By Xavier Remington | Copyright © 2013-2019 All Rights Reserved MysticInvestigations.Com If you’re seeing this entire article on any other site besides http://mysticinvestigations.com then it has been illegally copied and should be reported immediately!

Posted in Christmas, Christmas Stories, Santa Claus, Spirit Of Christmas | 1 Comment

Christmas In July! What Did Santa Claus Do On The Fourth Of July?

The world’s most powerful Demi-Angel, Santa Claus, celebrated American Independence Day despite being neutral He holds no allegiance to any one nation for most modern countries didn’t exist at the time of his birth several centuries ago! Naturally, he does revere his own sovereign North Pole City.  The reason he celebrates the Fourth Of July is due to Mrs. Holly Claus being an American citizen.  Actually, she enjoys dual citizenship status in both the US and North Pole City.  Holly brought a lot of American Christmas traditions to the North Pole and continued to keep up with the times throughout the 19th and 20th centuries along with the 21st century.  However, all the Christmas traditions of the various nations are reflected when visiting Santa’s winter wonderland.

Christmas In July

On July 4th the temperature in North Pole City was a balmy 52 degrees Fahrenheit under mostly sunny skies.  Now, of course, Santa could make it warmer via his extensive Demi-Angel powers or even calling upon Summer nature deities. However, that wouldn’t be fair to the cold-loving Elves nor the various Snow, Ice, and Winter Nymphs who recently began frolicking about Santa’s domain.
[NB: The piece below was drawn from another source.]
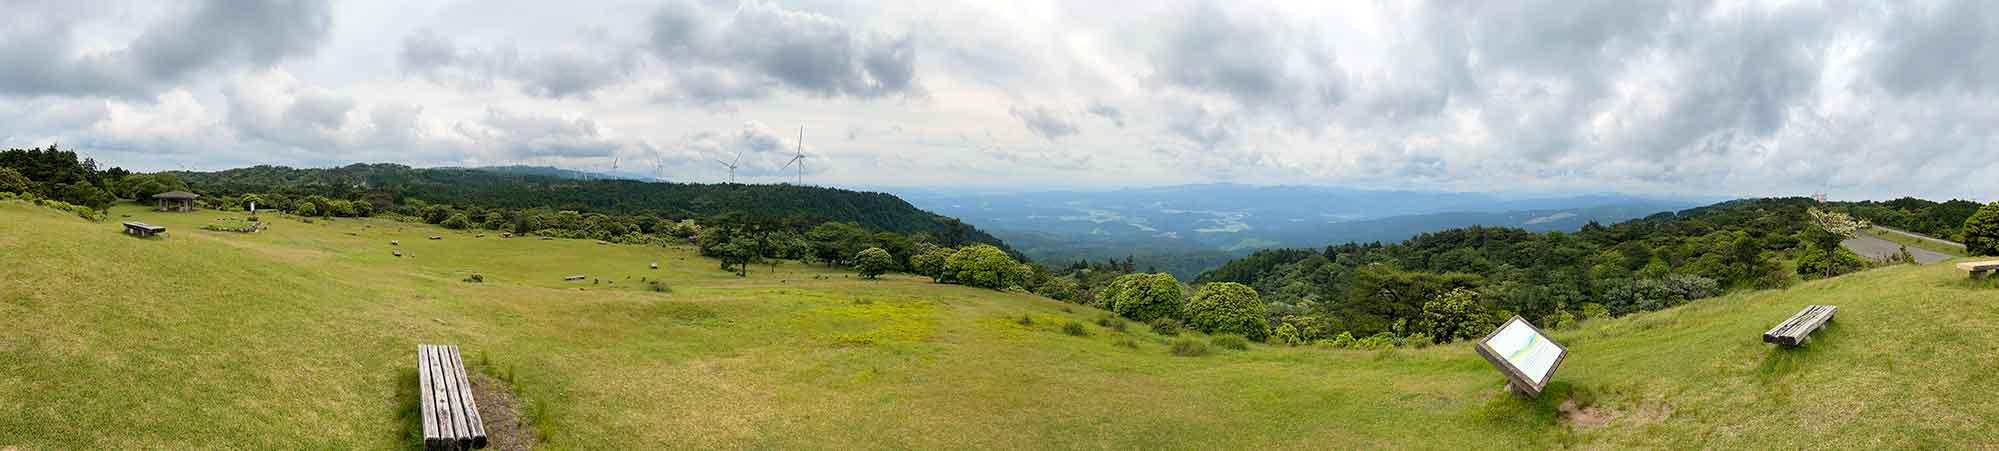 青山高原の三角点からパノラマビュー

All the snow in town was melted except in areas magically managed by Jack Frost where Frosty The Snowman skip and slips about with glee.  Mystical flowers of all colors bloom about amid the plethora of Evergreen trees and shrubs.  Extra large naturally growing enchanted Poinsettia plants spot the landscape with striking crimson as well.  The minority deciduous trees, also specially enchanted, are lush with green leaves.  Santa planted them especially for Mrs. Claus so she could enjoy the iridescent leaves of autumn fluttering forth.  Then there are the almost alien trees with leaves of blue, sky blue, and white designed by Santa, Mrs. Claus, and various nature nymphs and fairies. Despite all the signs of Summer, Christmas decor was adorned everywhere as usual.  It truly was Christmas in July!

The Claus Family Flies About The American July Fourth Festivities

On the morning of July 4th, Mrs. Claus tended to her garden after a hearty breakfast at Claus Manor.  Then Santa checked in with the Elves to launch Christmas In July. This included the first results of the Naughty Or Nice List and the first toy production runs based on spring planning sessions. Afterward, he hitched up the enchanted reindeer to his magical crimson sleigh, and the entire Claus Family hopped aboard.  Santa, Mrs. Claus, and his perpetually young kids Nicholas, Jr. & Mary, flew at lightning fast speed to the shores of a deserted tropical island in the Pacific to enjoy a beach picnic along the serene seas.  They spent several hours there before flying to the Continental United States to partake of various fireworks displays in approximately 24 different communities.  Since the North Pole sun doesn’t set in the Summer they can’t enjoy fireworks there. However, their Christmas fireworks show is beyond anything you could ever hope to imagine!

The Independence Day Incident

All went well except for one unfortunate incident.  In an undisclosed rural community somewhere in Missouri a deranged drunk staggered into Mrs. Claus spilling his beer all over her beautiful red dress.  Three of his clearly intoxicated friends stood near him giggling like sad little children.  Santa calmly, yet firmly, demanded he apologize to his wife. Instead, the inebriated guy let some choice expletives fly forth not only in front of Mrs. Claus but his kids as well.  Both Nicholas, and Mary gasped in disbelief that such harsh language was allowed to reach their innocent ears. At the North Pole magical censoring bleeps swear words everywhere!  It’s true the family is cloistered from the real world in a cleansed almost 1950’s atmosphere in their hidden sainted city. Thankfully, the magical atmosphere of the winter wonderland somewhat fades bad memories from the outside world.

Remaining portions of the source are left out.